Product Review: The K Desktop Environment, Version 1.0
With FVWM, several programs could be opened and iconified in order to set up the desktop. Then, when FVWM exited, it all disappeared and the next time FVWM was opened, all changes would have to be redone. KDE opens in exactly the same state that you leave it. To me, this is both logical and convenient.
What about KDE's drawbacks? So far, I haven't found anything with KDE that I don't like or that is “broken”. It seems to be solidly engineered and stable. I'm keeping it!
One objection to KDE is that it looks a lot like MS Windows 95. Once you use it for a while, though, you realize KDE is not much like Windows 95 at all. It does have a silver bar along the display bottom (and top), and icons on the left side. However, every aspect of KDE's appearance is configurable; these are just what come out of the box. Similarities to Windows 95 end at the screen pixels.

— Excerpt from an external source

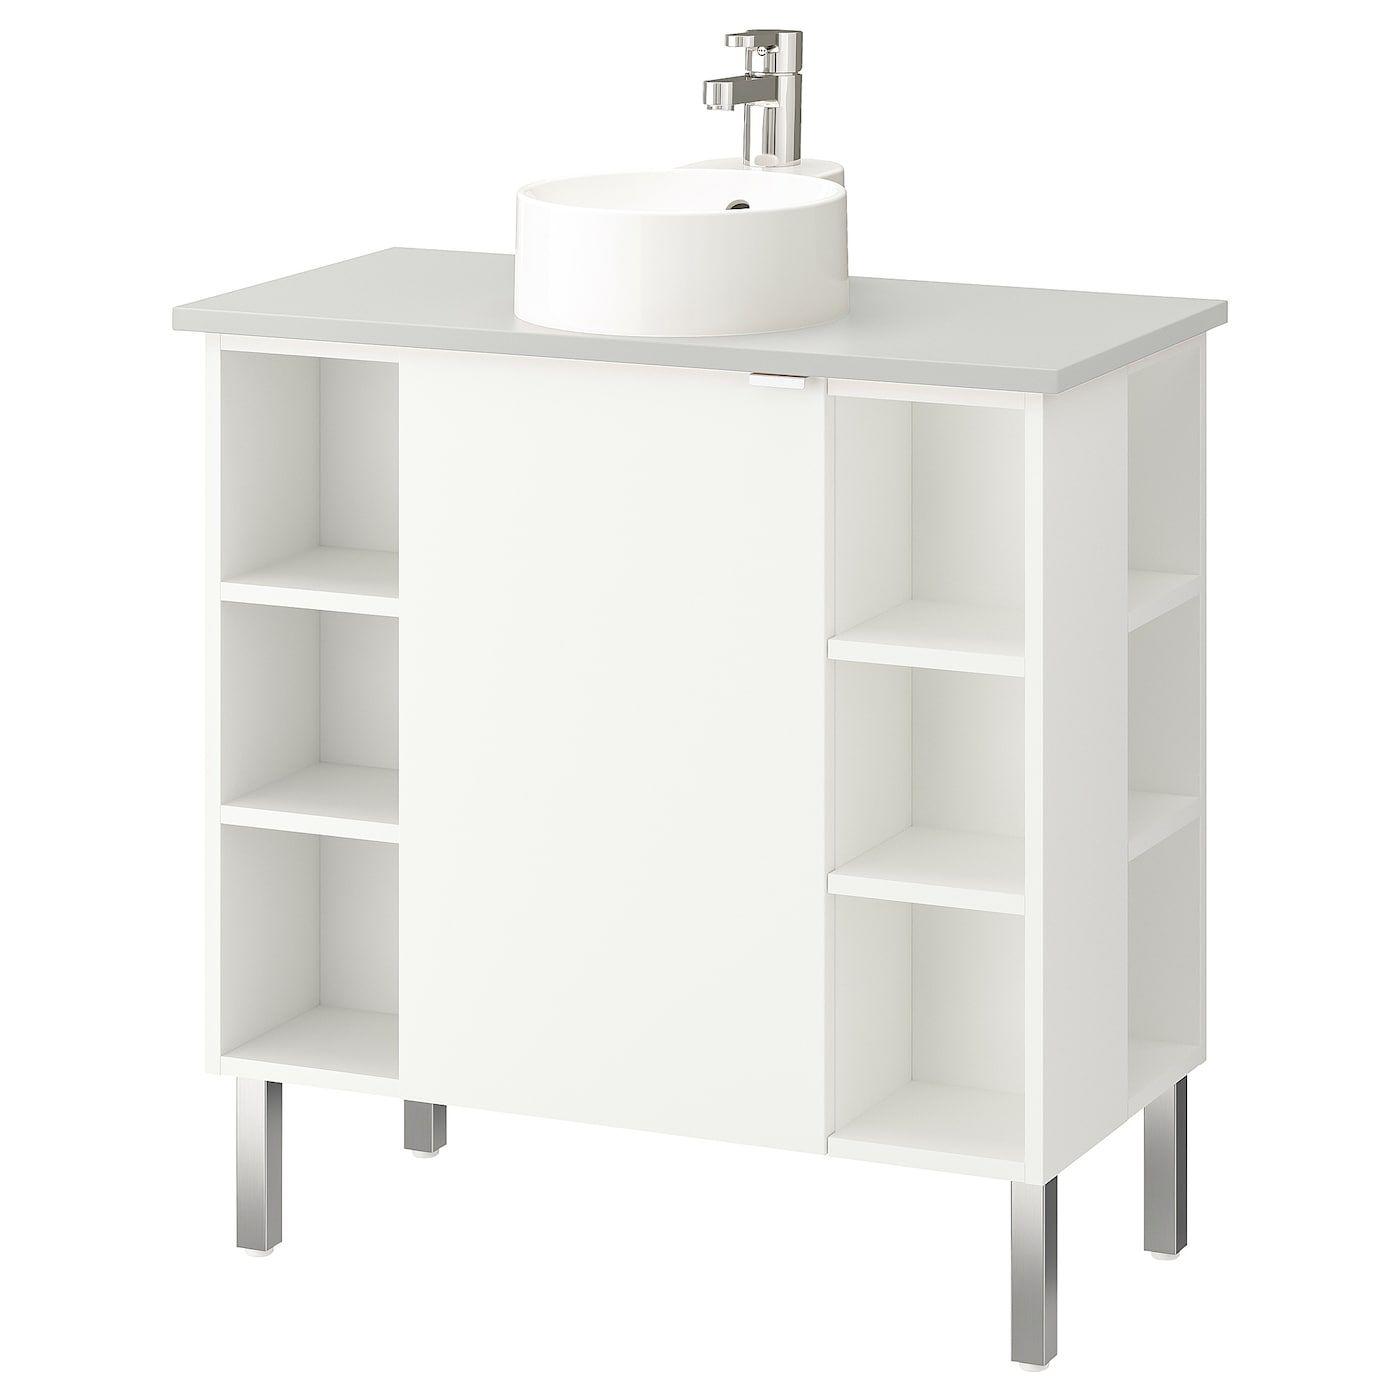 IKEA LILLÅNGEN/VISKAN / GUTVIKEN Bathroom vanity/1 door
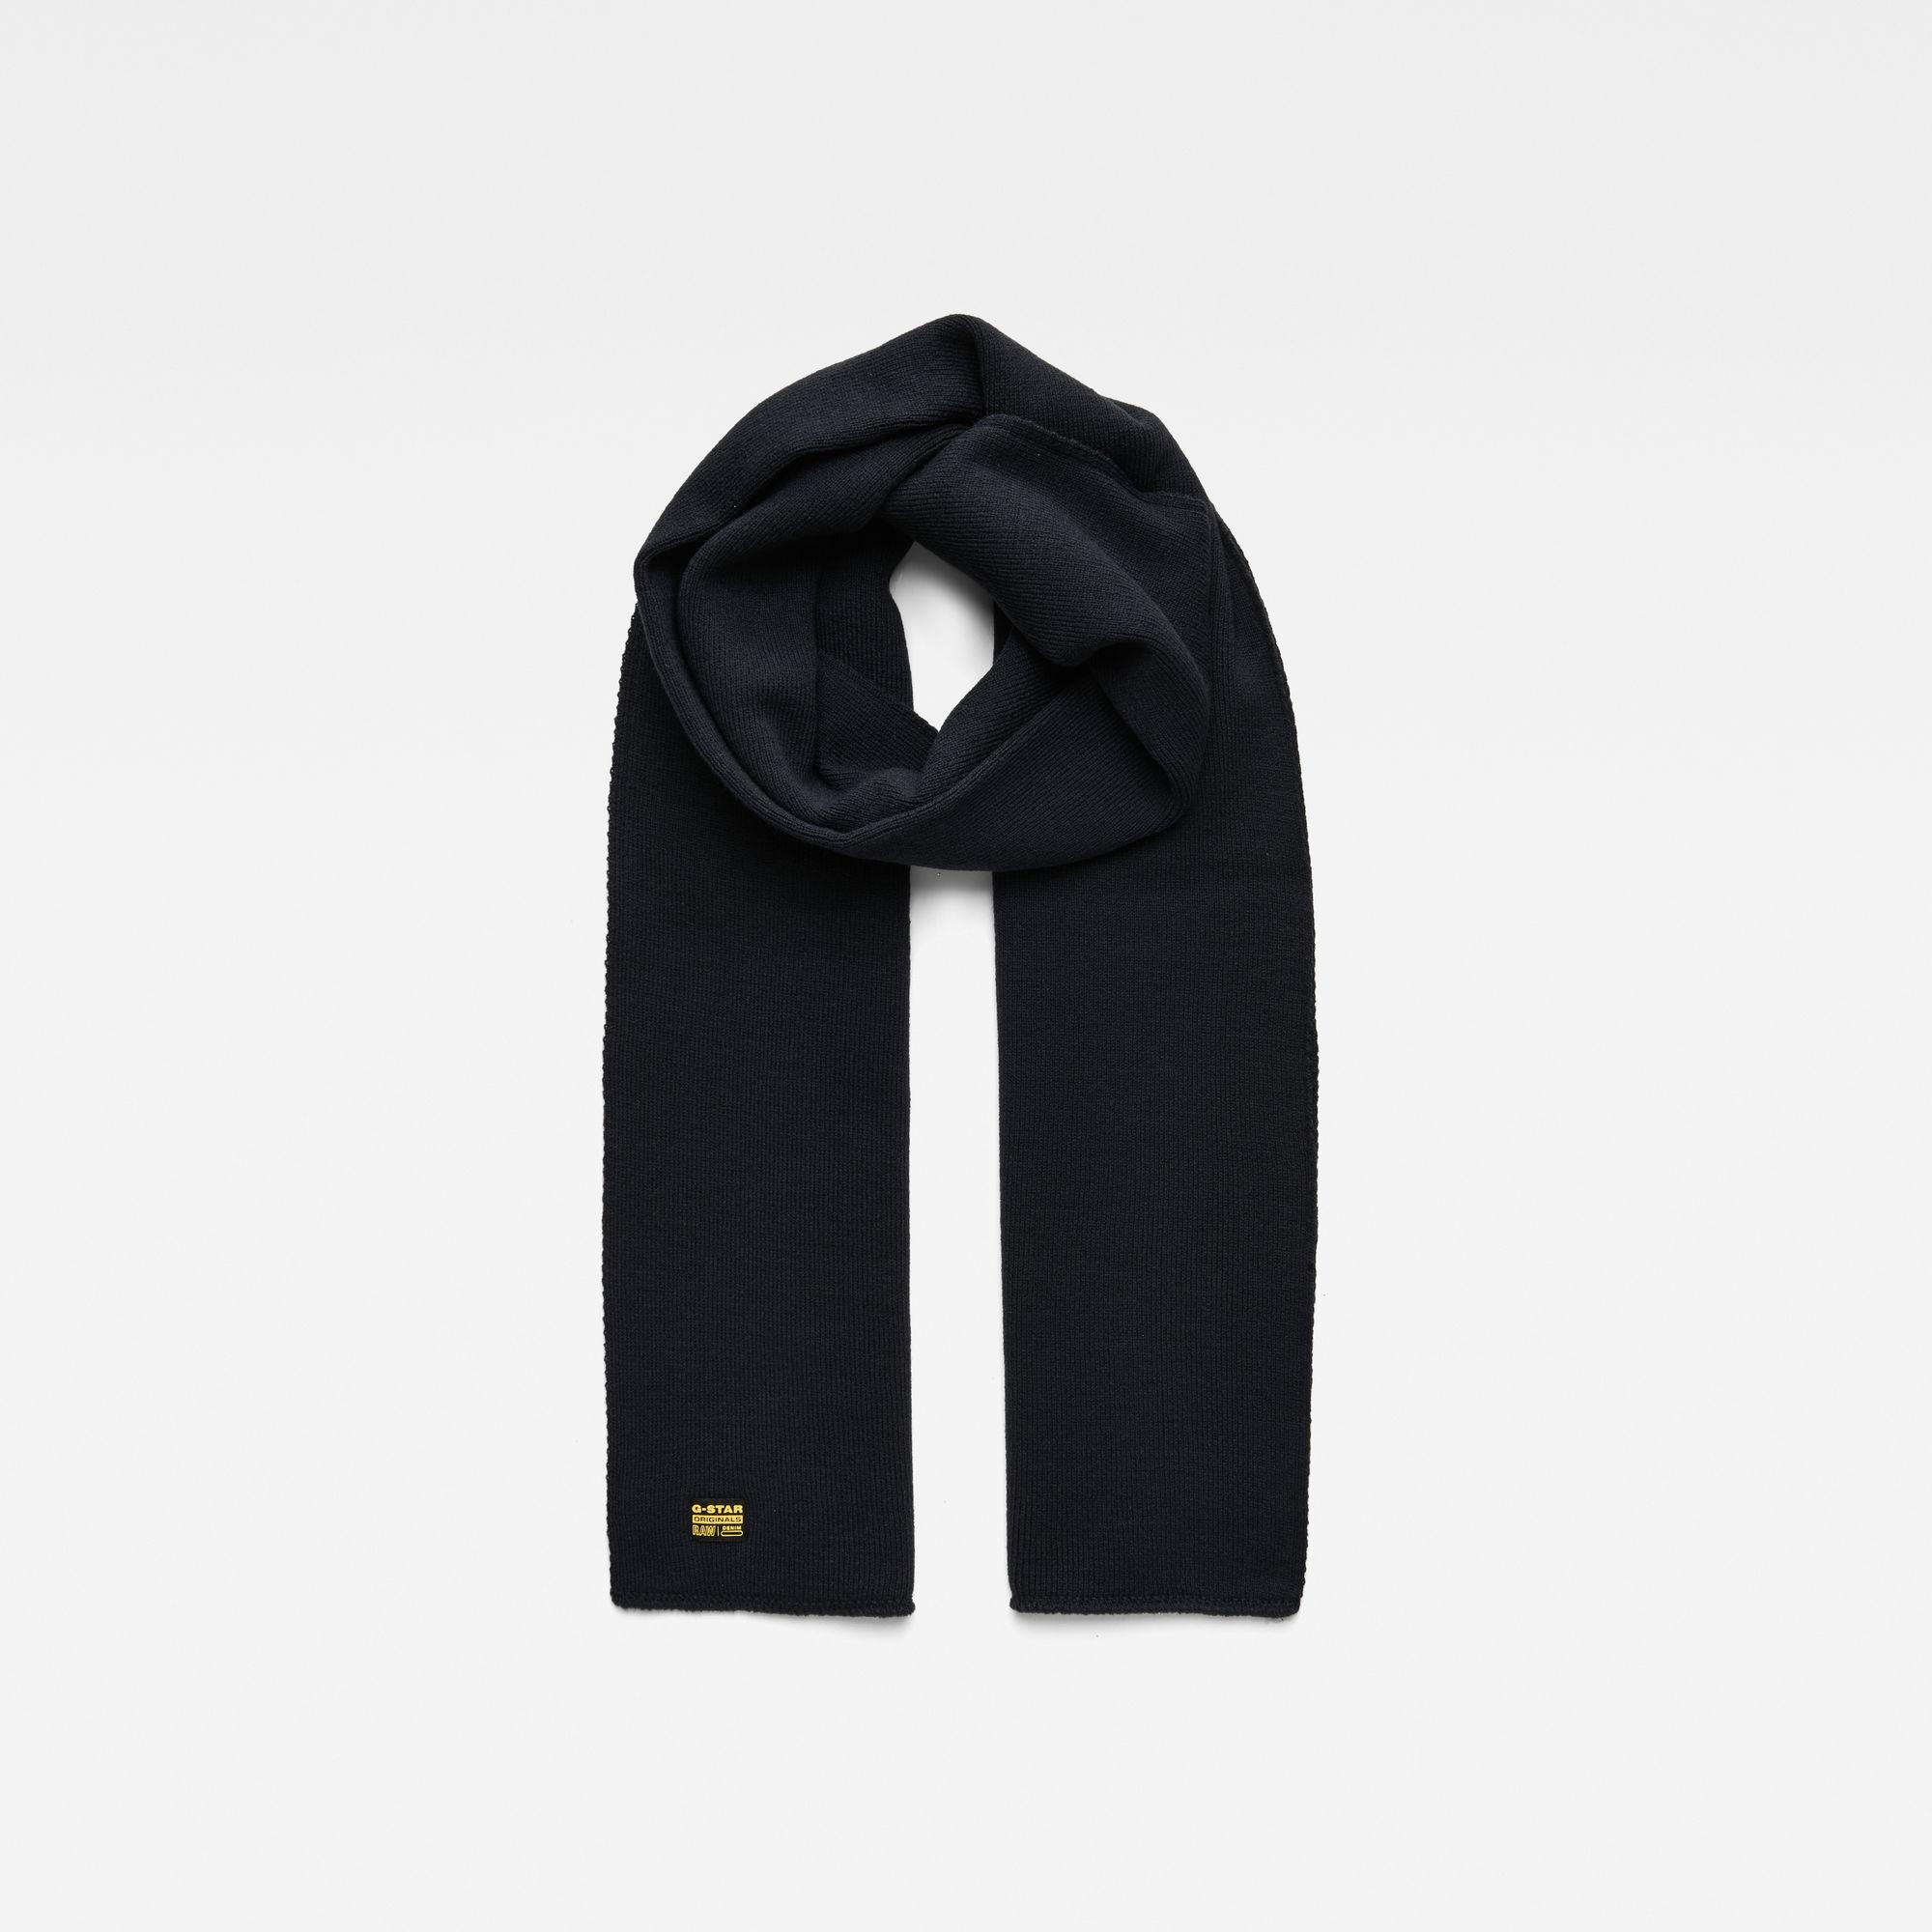 G-Star RAW Heren Effo scarf Donkerblauw

Some have also said that KDE represents a moving away from the low-level workings of the operating system. For many people, this is actually good news. For the programmers and kernel hackers, Linux is still underneath it all. I believe most will see KDE as a breath of much needed fresh air. Recall what happened to OS/2—a highly specialized operating system that catered strictly to intellectuals.
The Linux community can't simply find a comfortable niche and stay there forever. We are either attracting users or losing them—not everyone is a kernel hacker or system programmer. If Linux is to be a vibrant, mainstream, “world dominant” operating system, it needs conveniences for the average user: straightforward installation, good applications, good looks and ease of use. KDE is a quantum step in this direction.